PillSense Use in Anemia and Hemoccult (PillSense™)

April 23, 2026 updated by: AdventHealth

Assessing Negative PillSense™ for Safe Discharge in Patients With Positive Hemoccult and/or Unexplained Anemia

In this study, participants will be offered a PillSense™ capsule, a small capsule to swallow, which can detect the presence of blood in the upper digestive tract within about 10 minutes. The results of this capsule test will not alter the current care plan but will help us assess whether PillSense™ can be used in the future as a standalone test to determine if it is safe for patients to be discharged with anemia or a positive stool test without other signs of gastrointestinal bleeding. This study aims to collect data that will help determine if the PillSense™ capsule could one day reduce the need for more invasive procedures while hospitalized, like endoscopy, and ensure safe patient discharge.

Study Overview

Status

Enrolling by invitation

Intervention / Treatment

Study Type

Observational

Enrollment (Estimated)

20

Contacts and Locations

This section provides the contact details for those conducting the study, and information on where this study is being conducted.

Study Locations

    • Florida
      • Orlando, Florida, United States, 32804
        • AdventHealth Orlando

Participation Criteria

Researchers look for people who fit a certain description, called eligibility criteria. Some examples of these criteria are a person's general health condition or prior treatments.

Eligibility Criteria

Ages Eligible for Study

  • Adult
  • Older Adult

Accepts Healthy Volunteers

No

Sampling Method

Non-Probability Sample

Study Population

The study population consists of hospitalized adult patients who have been referred to the gastroenterology service for evaluation of unexplained anemia and/or a positive fecal occult blood test (hemoccult) in the absence of overt gastrointestinal bleeding. These patients represent a group commonly subjected to diagnostic endoscopy despite the often-low diagnostic yield of such procedures.

Description

Inclusion Criteria:

  • Age 18 years or older
  • Able to provide informed consent
  • Hospitalized patients who have been referred to the gastroenterology service for:

A positive hemoccult (fecal occult blood test) and/or Anemia, In the absence of overt gastrointestinal bleeding - Overt gastrointestinal bleeding is defined as the presence of: Melena (black, tarry stools) Hematochezia (bright red blood per rectum) Hematemesis (vomiting blood)

Exclusion Criteria:

  • Hemodynamic instability, defined as:

Systolic blood pressure < 90 mm Hg Pulse > 120 bpm

  • Presence of overt gastrointestinal bleeding (melena, hematochezia, or hematemesis)
  • Conditions that might contraindicate use of an ingestible capsule, such as:

Dysphagia or odynophagia Swallowing disorder Altered mental status Zenker's diverticulum Crohn's disease Previous GI surgery Suspected ileus or bowel obstruction GI perforation GI motility disorders (e.g., esophageal dysmotility, gastroparesis)
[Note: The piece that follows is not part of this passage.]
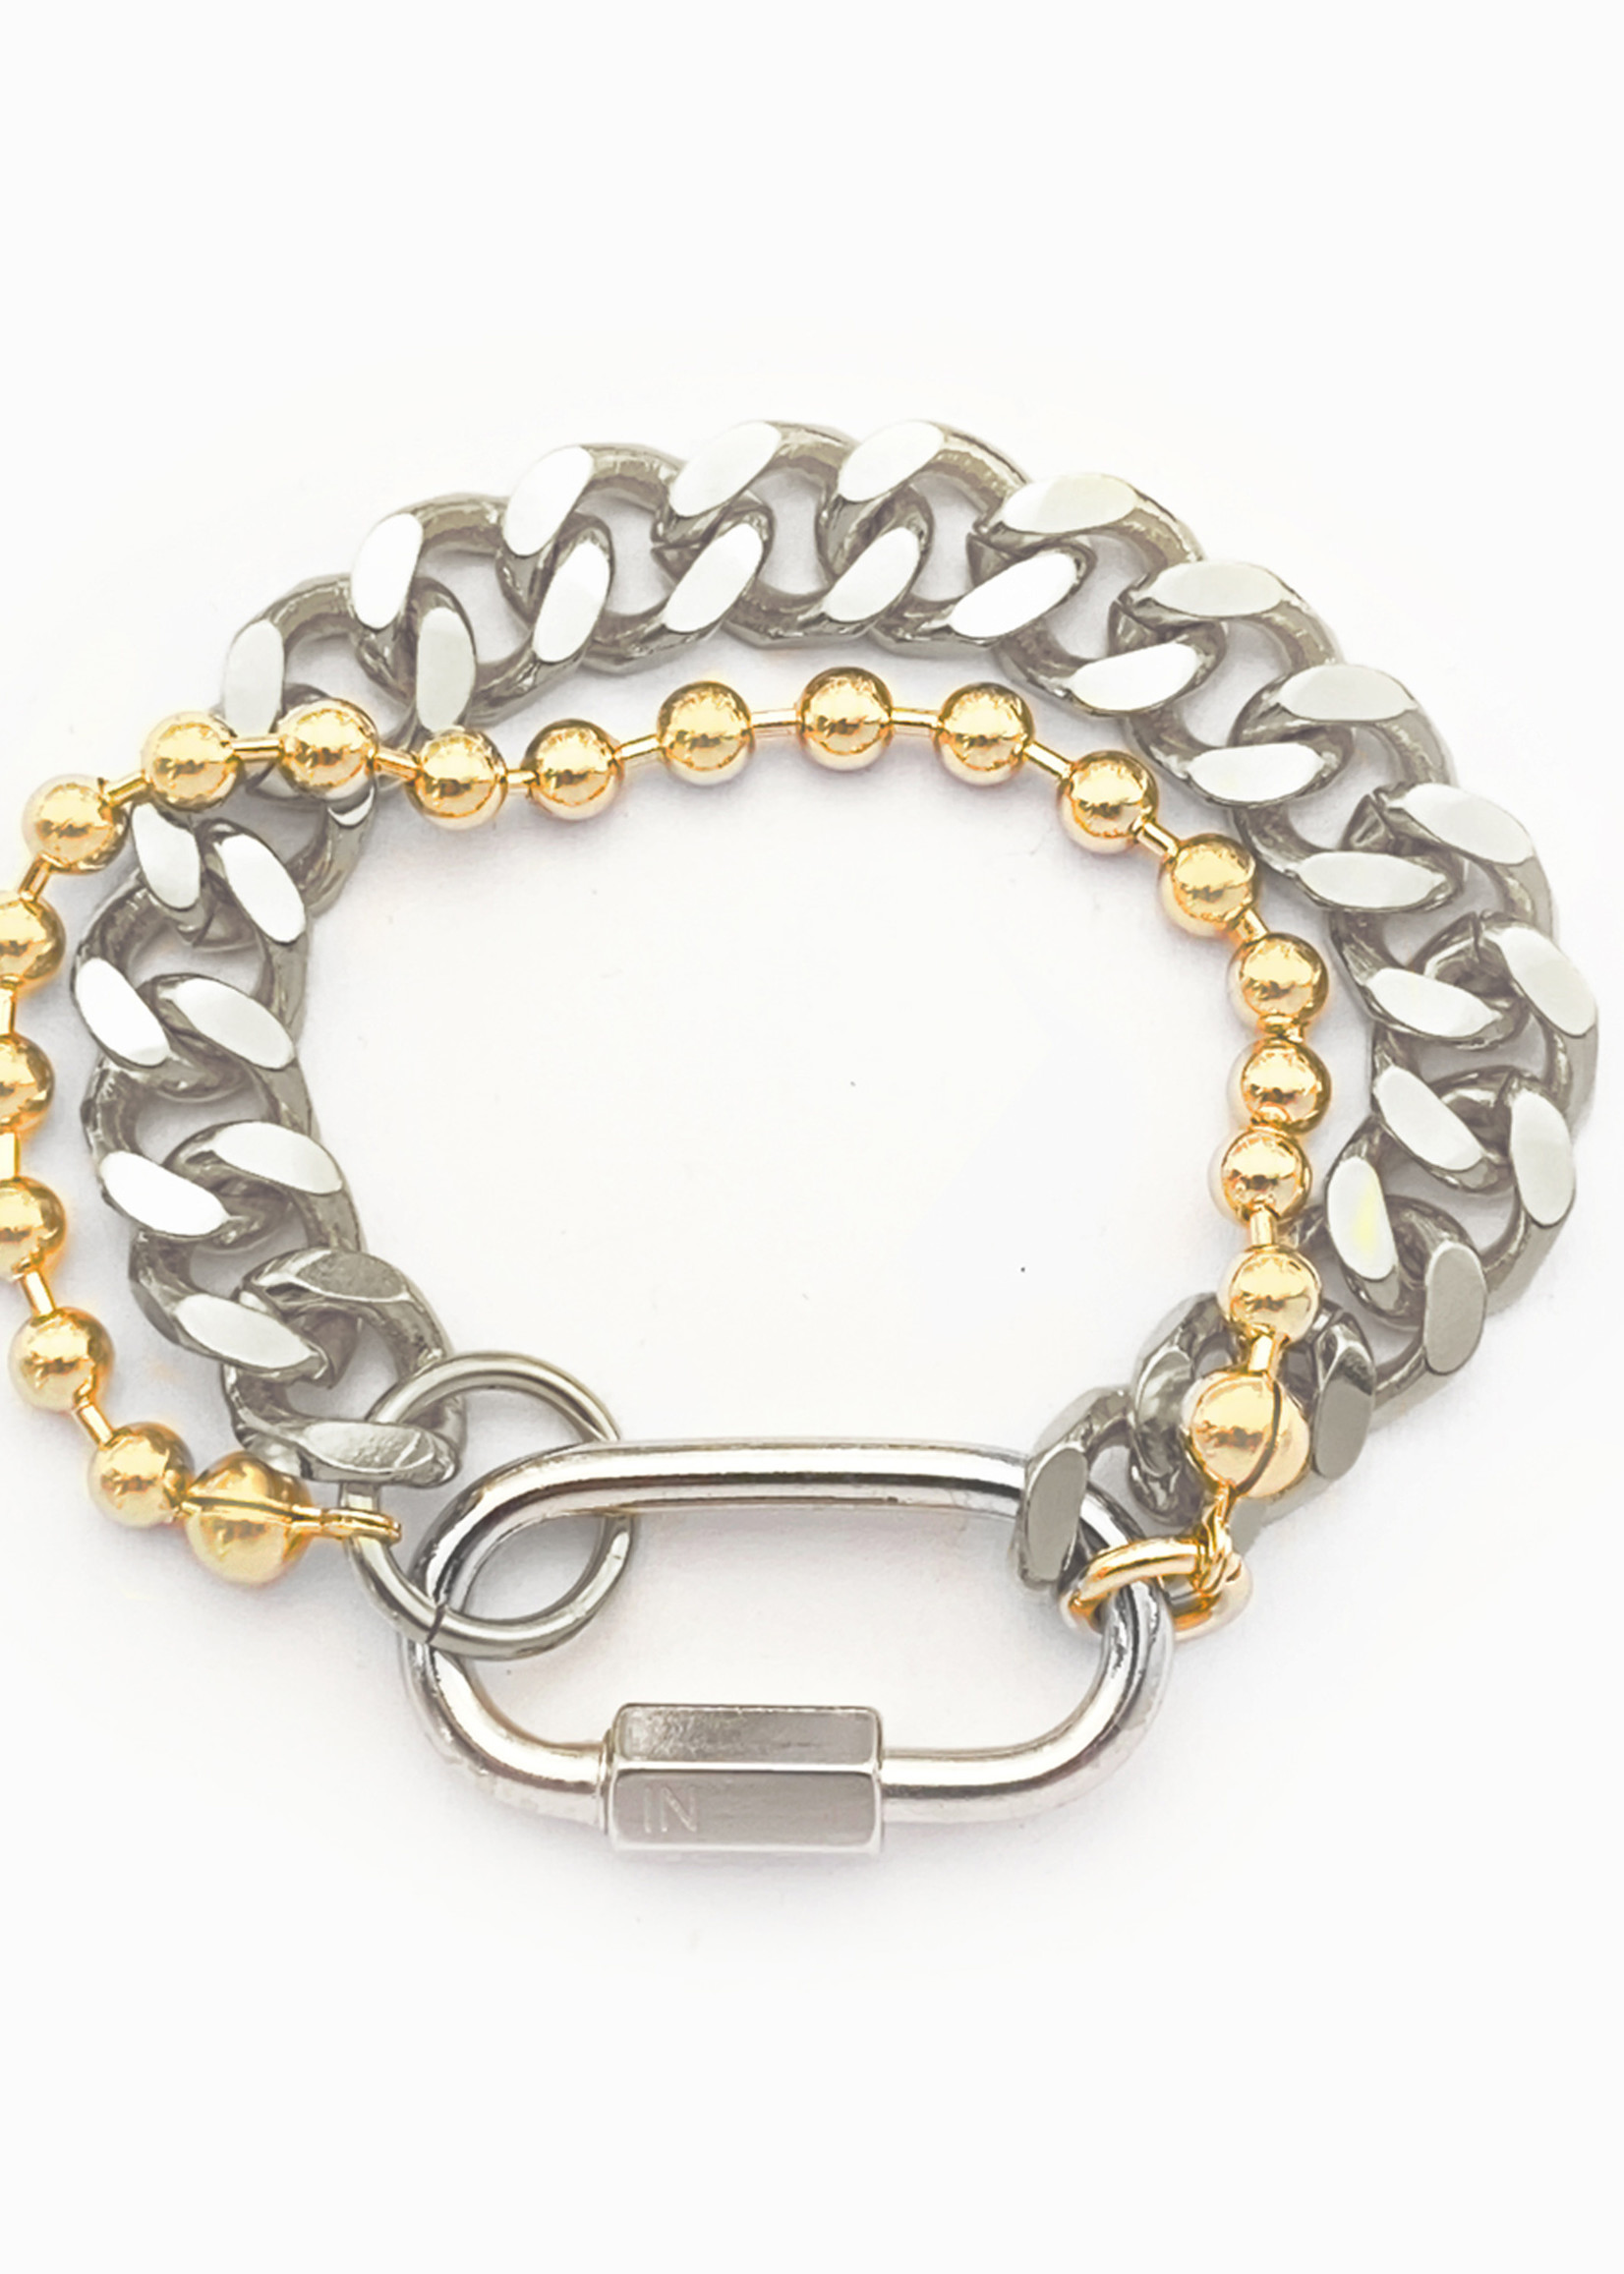 IN GOLD WE TRUST PARIS Large Cuban Link with Gold Ball Chain Bracelet

- Known upper GI pathology, such as: Esophageal or gastric cancer Recent upper GI ulcer bleeding (within 3 months) Recent upper GI procedures or surgeries

  • Presence of a cardiac implantable electronic device (CIED)
  • Pregnant or lactating women
  • Planned MRI before capsule excretion

Study Plan

This section provides details of the study plan, including how the study is designed and what the study is measuring.

How is the study designed?

Design Details

Cohorts and Interventions

Group / Cohort
Intervention / Treatment
Hospitalized Patients Undergoing PillSense™ Testing
This group includes hospitalized adult patients who have been referred to gastroenterology services for unexplained anemia and/or a positive fecal occult blood test (hemoccult) in the absence of overt gastrointestinal bleeding (e.g., no melena, hematemesis, or hematochezia). All participants will ingest the PillSense™ capsule.
The PillSense™ System is a prescription only device consisting of a reusable receiver and single-use ingestible capsule, intended to be used for the detection of blood in the upper gastrointestinal tract.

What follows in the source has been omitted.